Dreyer saw the play when it opened in 1932, an extant photograph of the last scene shows how closely he remembered it. It was filmed by Gustaf Molander in 1943 with Victor Sjöström, doubtless in response to circumstances. Dreyer replaced two-thirds of the dialogue with pictures. Unused material from Vredens dag supplies the score.

 

Gertrud

The learned counselor and political sage is much too busy with his work and, even made Minister of State, cannot keep his wife.

She will have the young composer, but he is a libertine and not conscientious enough at his work, he will not have her (and there is another).
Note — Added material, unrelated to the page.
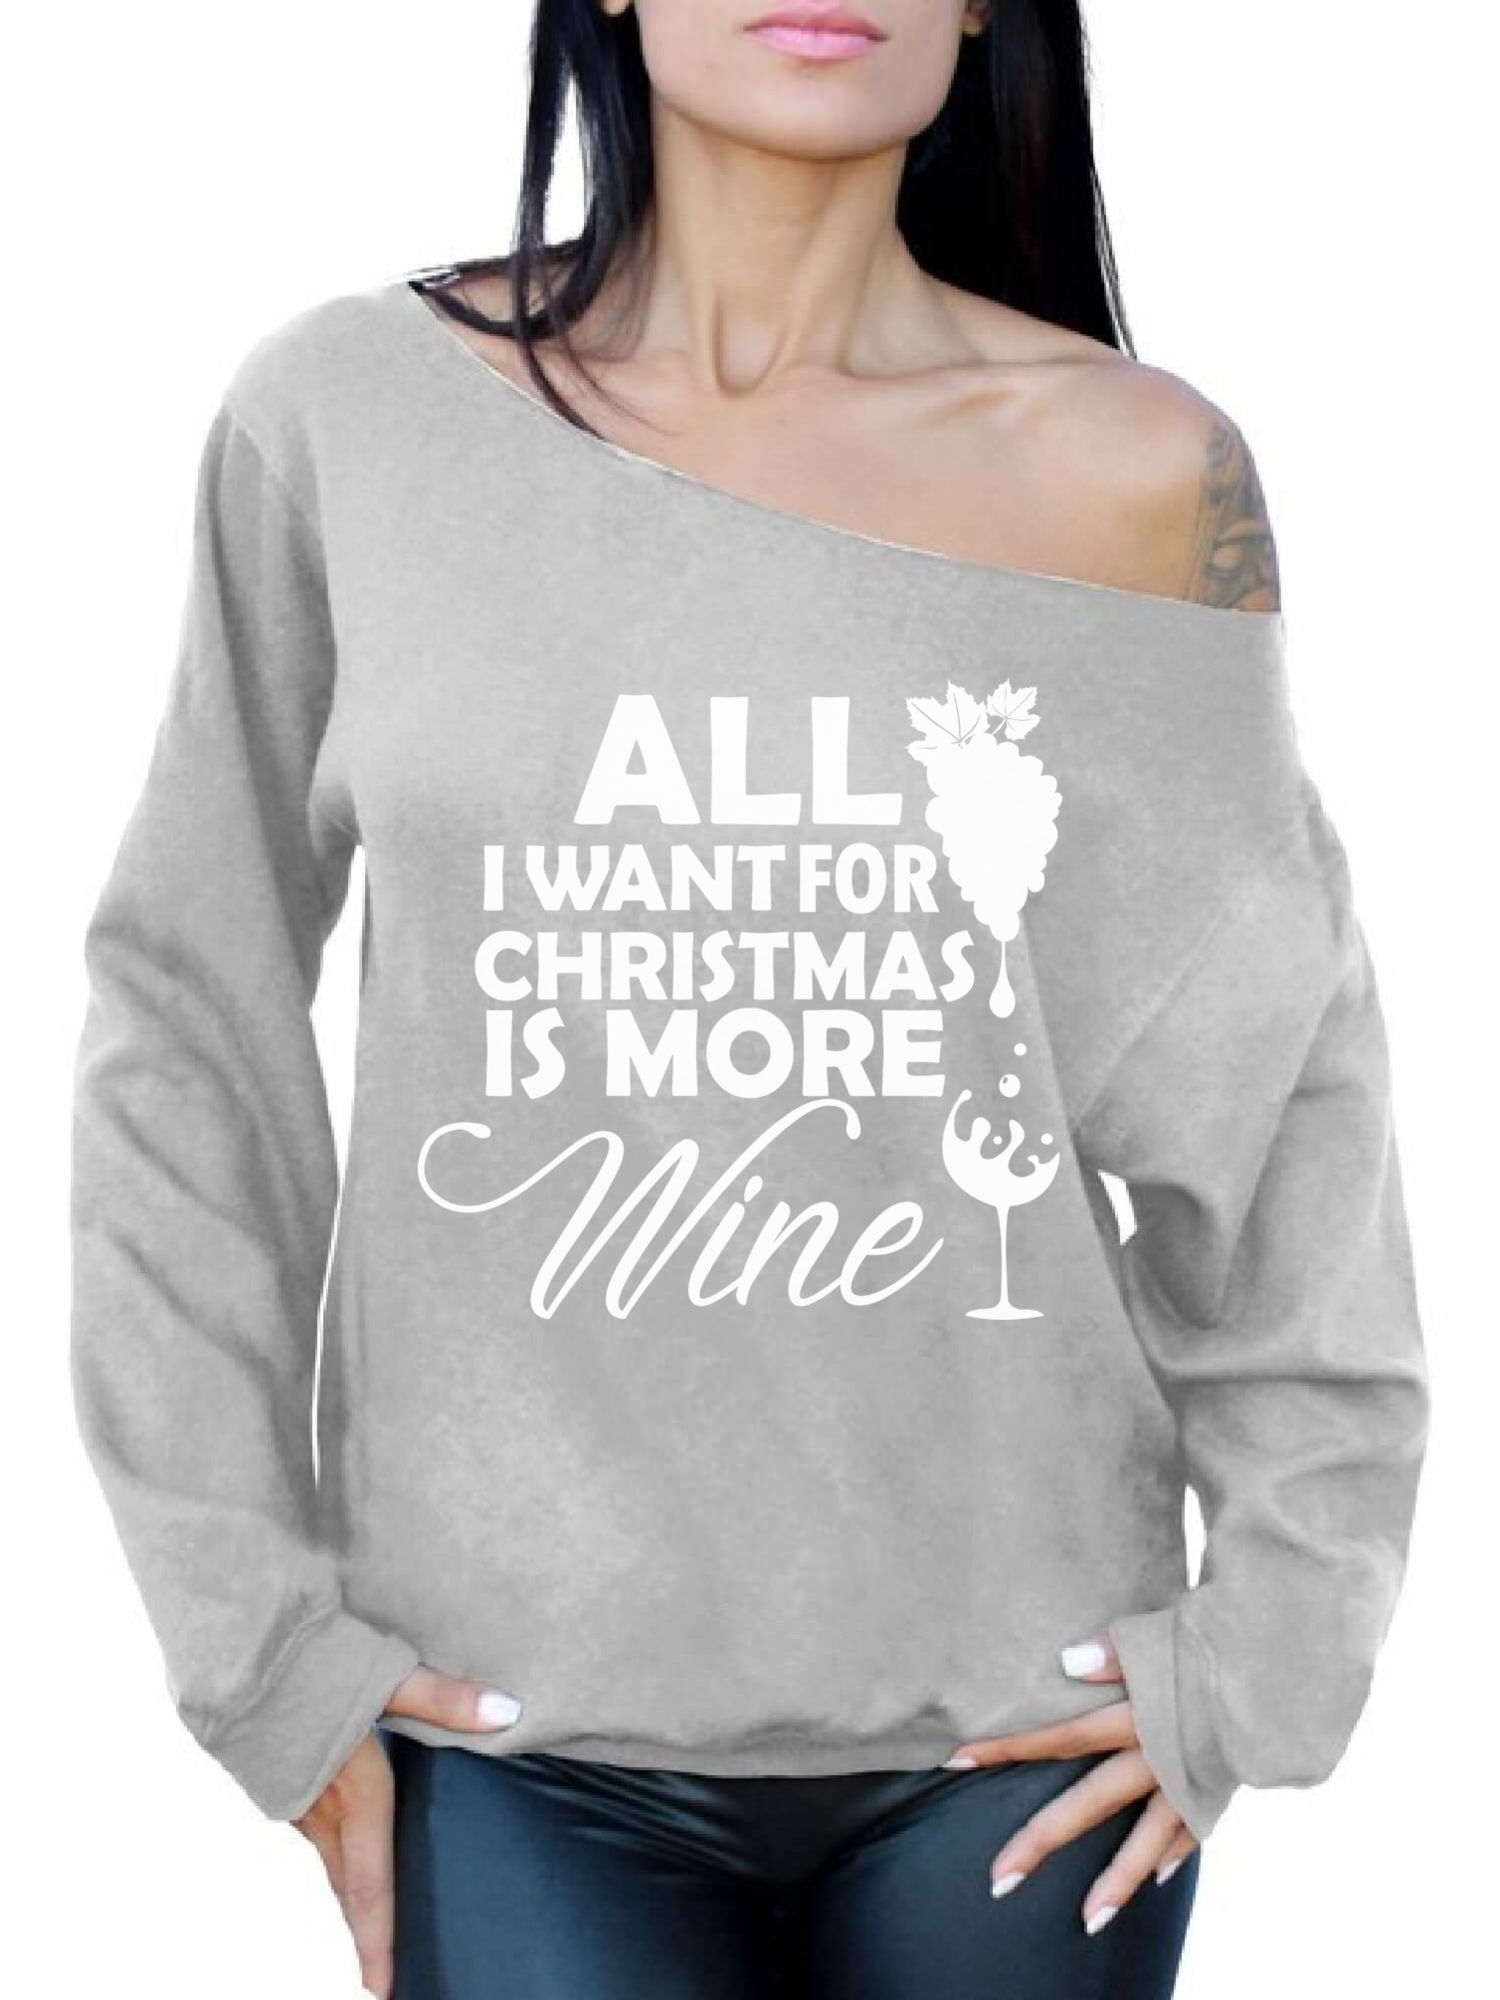 Awkward Styles All I Want for Christmas Is More Wine Off the Shoulder Sweatshirt More Wine Off the Shoulder Top Oversized Sweatshirt Wine Christmas Sweatshirt for Women Wine Christmas Sweater - image 1 of 4

The poet is much too interested in his career, and besides, the final break with the composer sets her off on a course of studies in psychology and psychiatry, at Paris.

Neither beautiful, nor young, nor alive, as her one and only poem has it, but loving.

Certain of the monumental aspects of this satire are overwhelming in their monstrousness. On the other hand, you have the Surrealist photograph called Versailles, which simply represents a young woman in a doorway.

After this, Fellini would have to invent City of Women.

The really great writer ought to know something about the horse-leech’s daughter and vanity, n’est-ce pas?

Dreyer runs through himself and Beckett and Herzog and everything to the end of all things, dispensing wisdom all the way.

Thornton Wilder discusses all this in The Bridge of San Luis Rey (dir. Rowland V. Lee), it’s out, if you want to read, do so.

The poetry of earth is never dead...

Étant donnés, says Duchamp in Philadelphia.